The Phoenix Air Phoenix is a Czech shoulder-wing, two-seat motor glider, designed and produced by Phoenix Air and provided as a complete ready-to-fly aircraft.

==Design and development==
The Phoenix is a derivative of the Urban Air Lambada motorglider, developed by Martin Stepaneck who was formerly with Urban Air before that company's demise. The Phoenix was designed to comply with the Fédération Aéronautique Internationale microlight rules and US light-sport aircraft rules. It features a cantilever wing, a T-tail, a two-seats-in-side-by-side configuration enclosed cockpit under a bubble canopy, fixed conventional landing gear and a single engine in tractor configuration.

The aircraft is made from composites. Its 15 m span wing is convertible to 11 m, by removing the wing tips and then re-installing shorter tips and the winglets for faster cruising speed when flying as a microlight. With the wing tips removed it has a wingspan of 10.4 m for storage.
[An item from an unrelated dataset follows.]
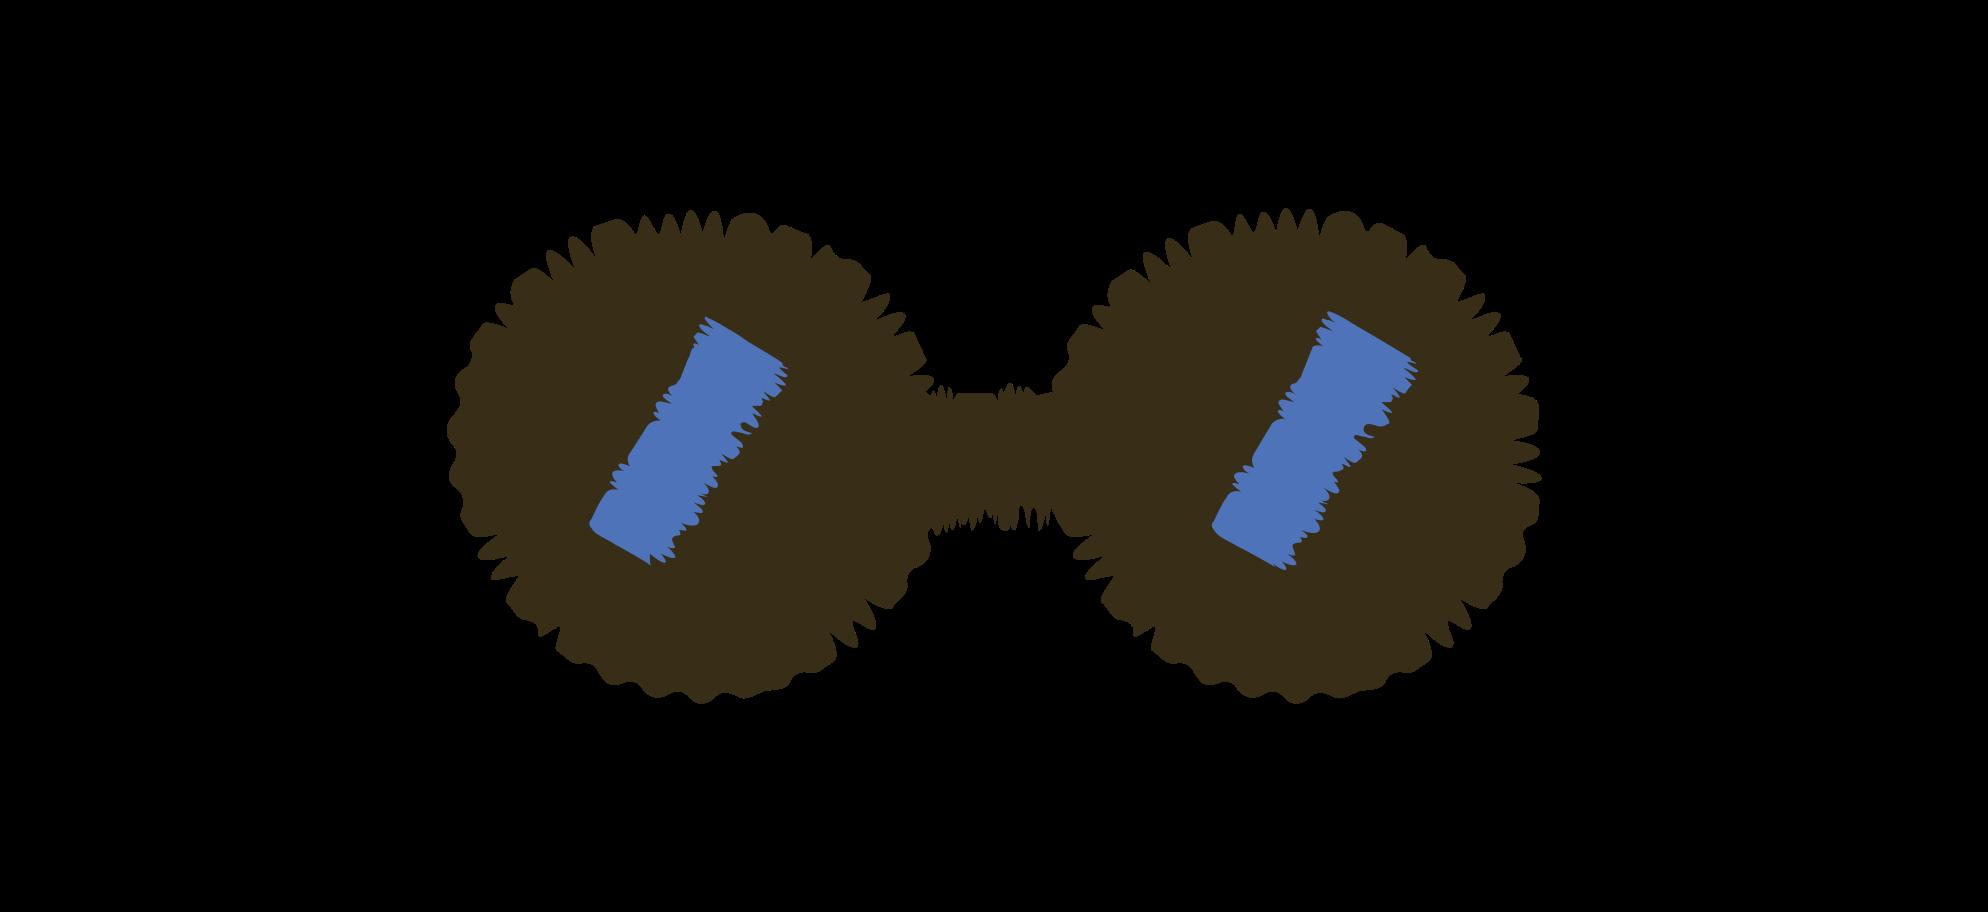 PNGとSVGの  スタイルの 眼鏡 ベクターイメージ | Icons8 イラスト

Standard engines available are the 80 hp Rotax 912UL, the 100 hp Rotax 912ULS, 85 hp Jabiru 2200 and the 60 hp HKS 700E four-stroke powerplants. With the 912S engine the aircraft can be employed as a glider tug. An electric-powered version is under development.

The European version has a gross weight of 472.5 kg, while the LSA version has a gross weight of 600 kg. The design appears on the Federal Aviation Administration's list of approved special light-sport aircraft.